→ THE DATA
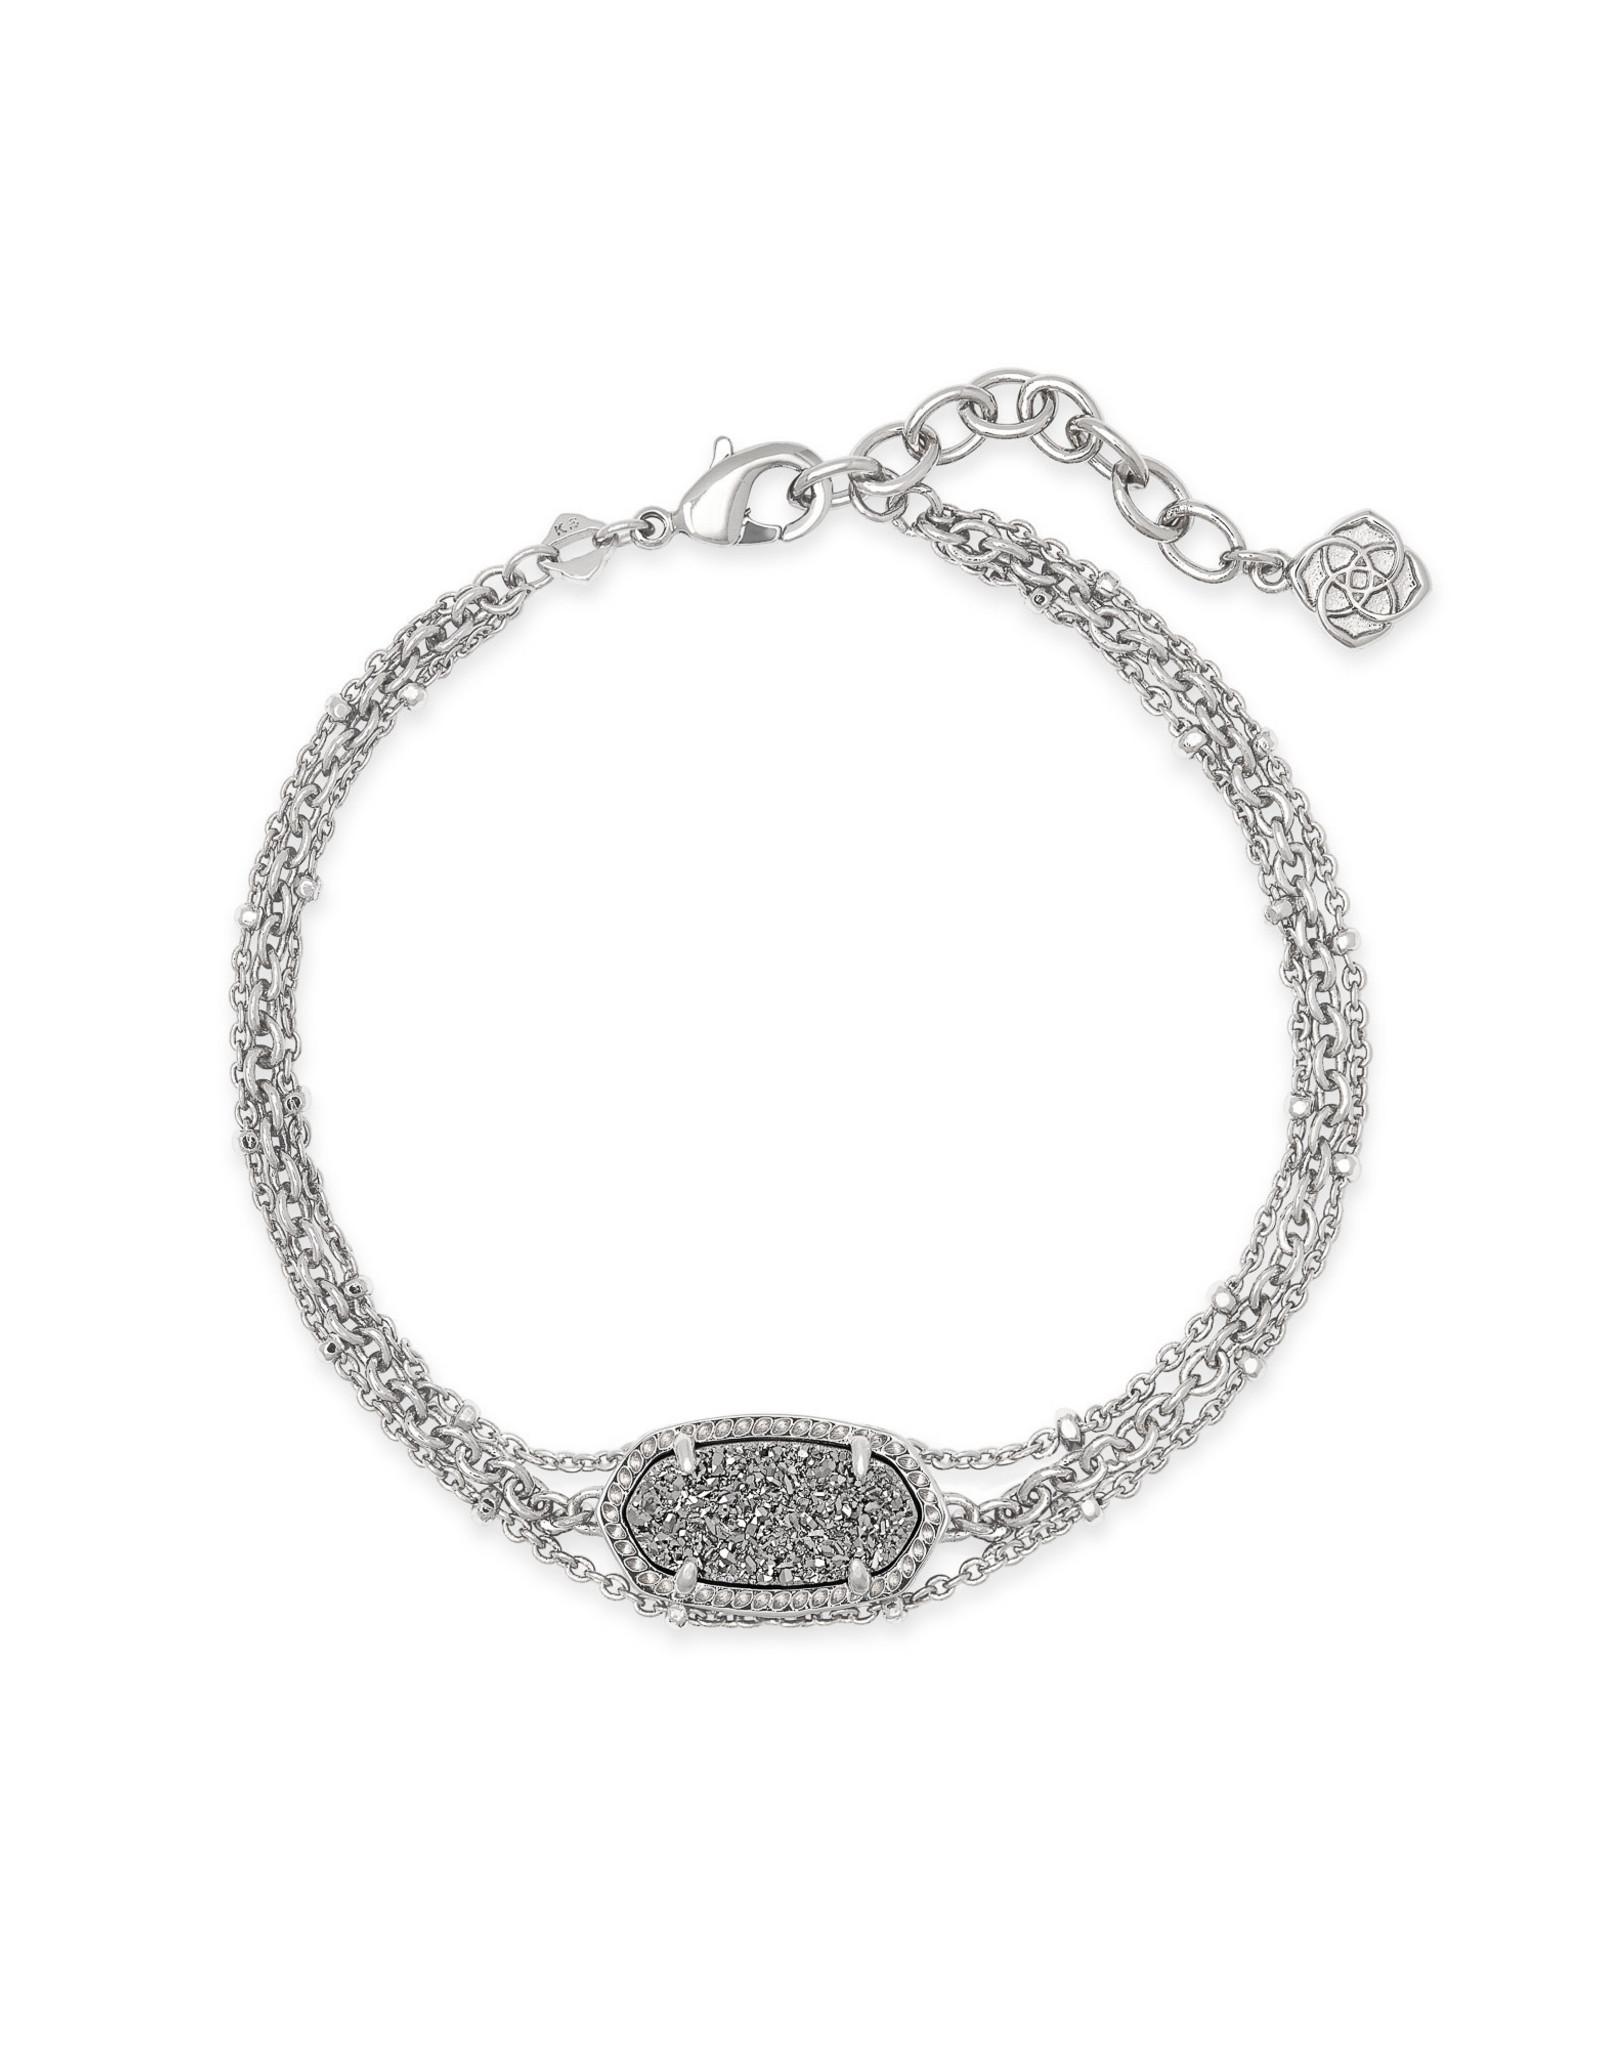 Kendra Scott Elaina Multi Strand Bracelet - Platinum Drusy/Rhodium
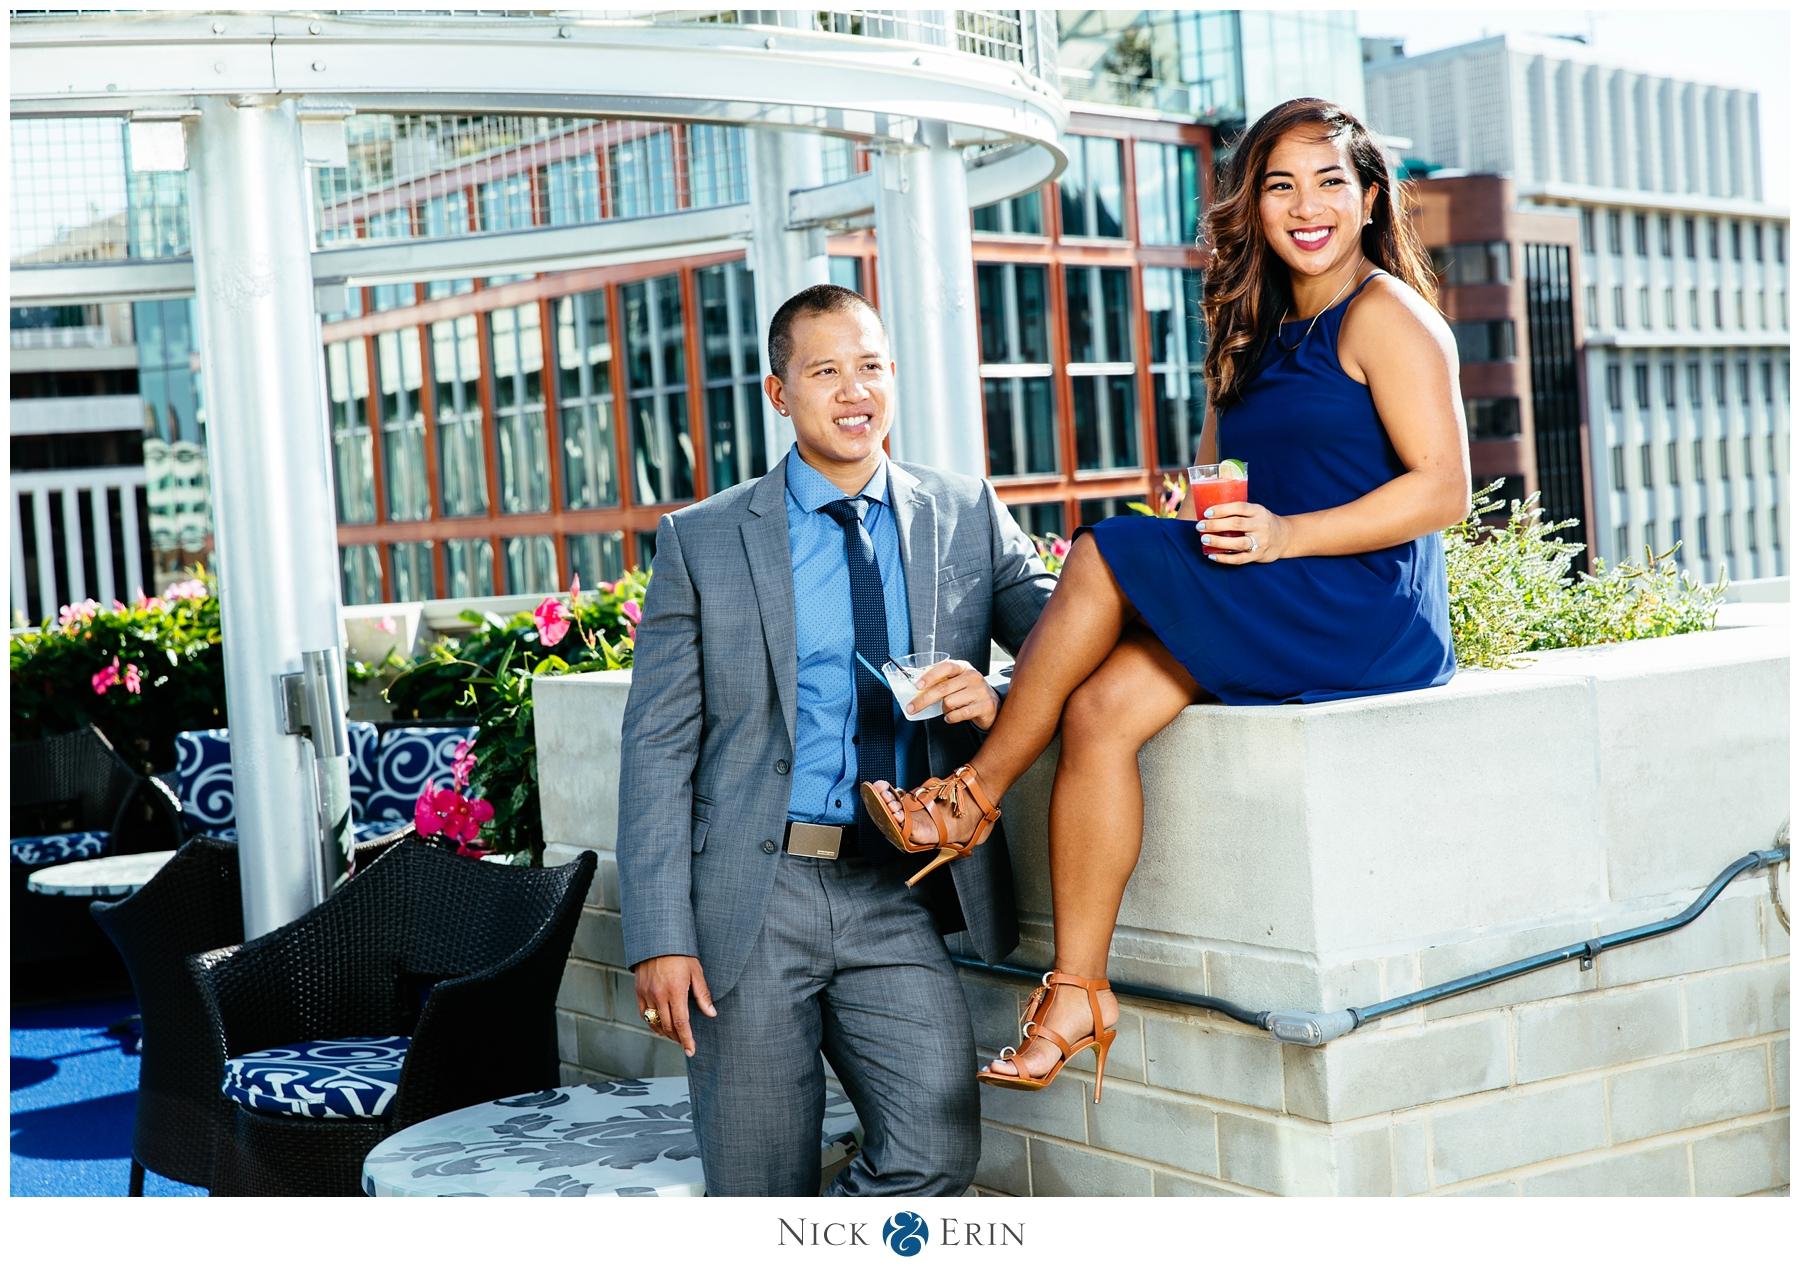 Donner_Photography_Washington DC Engagement Session_Jenny Mae & Vic_0012
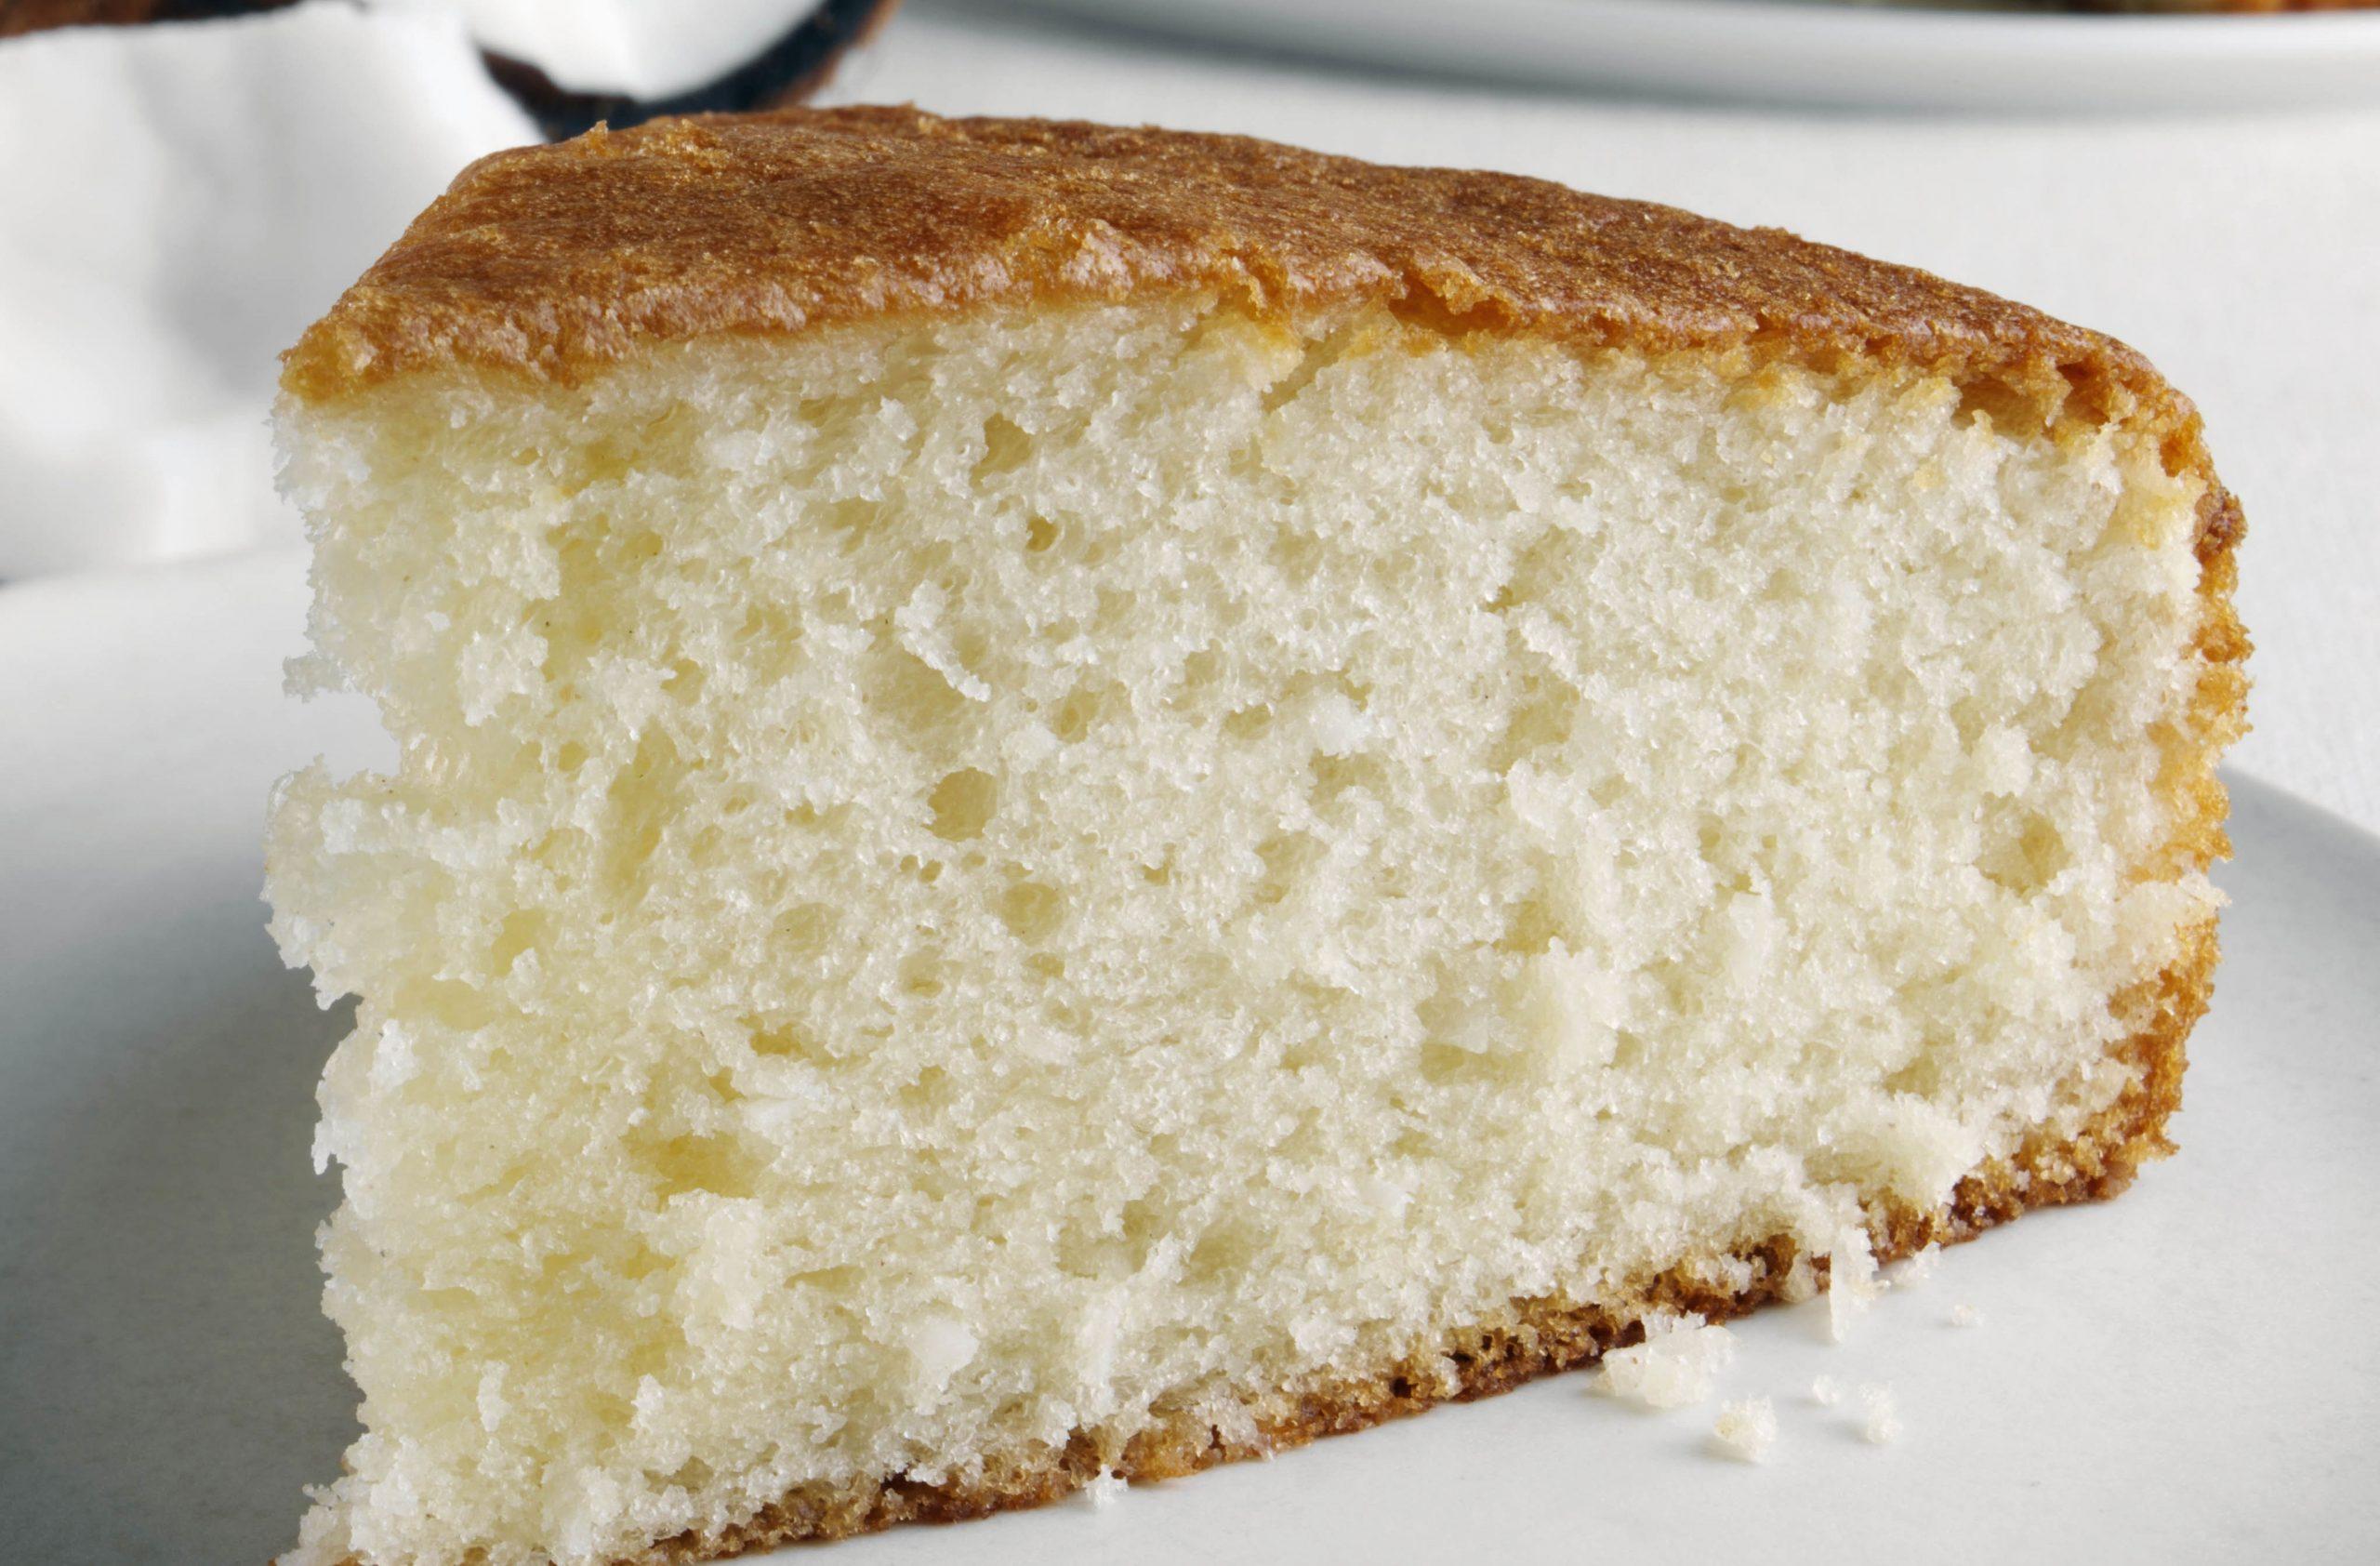 Pleasing Coconut Cake Baking Recipes Goodtoknow Funny Birthday Cards Online Inifodamsfinfo

→ TRY IT
Give the listing again word for word, without its images.

→ RESULT OF THIS TASK
 Kendra Scott Elaina Multi Strand Bracelet - Platinum Drusy/Rhodium
 Donner_Photography_Washington DC Engagement Session_Jenny Mae & Vic_0012
 Pleasing Coconut Cake Baking Recipes Goodtoknow Funny Birthday Cards Online Inifodamsfinfo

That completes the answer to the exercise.